**Description of the task:** Retype only the stretch of lines that starts with the line containing "Novosibirsk region, Avtodom" and ends with the last line of the records, both included, exactly.

**Given information:**
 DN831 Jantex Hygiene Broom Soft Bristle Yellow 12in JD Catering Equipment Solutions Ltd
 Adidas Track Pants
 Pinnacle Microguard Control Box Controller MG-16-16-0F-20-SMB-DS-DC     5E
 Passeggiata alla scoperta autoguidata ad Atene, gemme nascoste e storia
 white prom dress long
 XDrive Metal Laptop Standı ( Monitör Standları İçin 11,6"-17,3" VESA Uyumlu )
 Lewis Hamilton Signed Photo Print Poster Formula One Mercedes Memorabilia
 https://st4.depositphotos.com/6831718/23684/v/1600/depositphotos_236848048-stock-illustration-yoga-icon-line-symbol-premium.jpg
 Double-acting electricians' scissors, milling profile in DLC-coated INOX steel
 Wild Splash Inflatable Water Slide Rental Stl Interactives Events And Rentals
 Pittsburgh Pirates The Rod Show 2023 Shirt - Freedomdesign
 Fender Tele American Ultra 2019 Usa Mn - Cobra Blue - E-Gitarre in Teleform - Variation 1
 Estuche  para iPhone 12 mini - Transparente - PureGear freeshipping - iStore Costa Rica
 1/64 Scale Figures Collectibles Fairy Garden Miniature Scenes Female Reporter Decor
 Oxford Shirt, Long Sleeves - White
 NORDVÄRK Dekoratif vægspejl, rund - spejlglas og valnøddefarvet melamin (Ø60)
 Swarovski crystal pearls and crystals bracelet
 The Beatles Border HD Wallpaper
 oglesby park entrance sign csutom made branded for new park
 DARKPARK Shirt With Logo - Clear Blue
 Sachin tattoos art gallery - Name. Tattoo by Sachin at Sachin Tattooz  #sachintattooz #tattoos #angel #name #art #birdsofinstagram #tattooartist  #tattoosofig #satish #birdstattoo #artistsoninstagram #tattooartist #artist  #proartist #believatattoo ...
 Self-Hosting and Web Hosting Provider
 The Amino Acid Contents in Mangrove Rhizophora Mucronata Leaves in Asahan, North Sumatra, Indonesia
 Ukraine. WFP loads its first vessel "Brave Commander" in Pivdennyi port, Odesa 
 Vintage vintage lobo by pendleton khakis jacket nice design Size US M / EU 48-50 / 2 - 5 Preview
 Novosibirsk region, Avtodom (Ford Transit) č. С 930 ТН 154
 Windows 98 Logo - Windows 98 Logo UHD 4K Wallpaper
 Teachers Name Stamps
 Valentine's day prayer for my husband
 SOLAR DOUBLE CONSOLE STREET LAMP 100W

**Worked solution:**
 Novosibirsk region, Avtodom (Ford Transit) č. С 930 ТН 154
 Windows 98 Logo - Windows 98 Logo UHD 4K Wallpaper
 Teachers Name Stamps
 Valentine's day prayer for my husband
 SOLAR DOUBLE CONSOLE STREET LAMP 100W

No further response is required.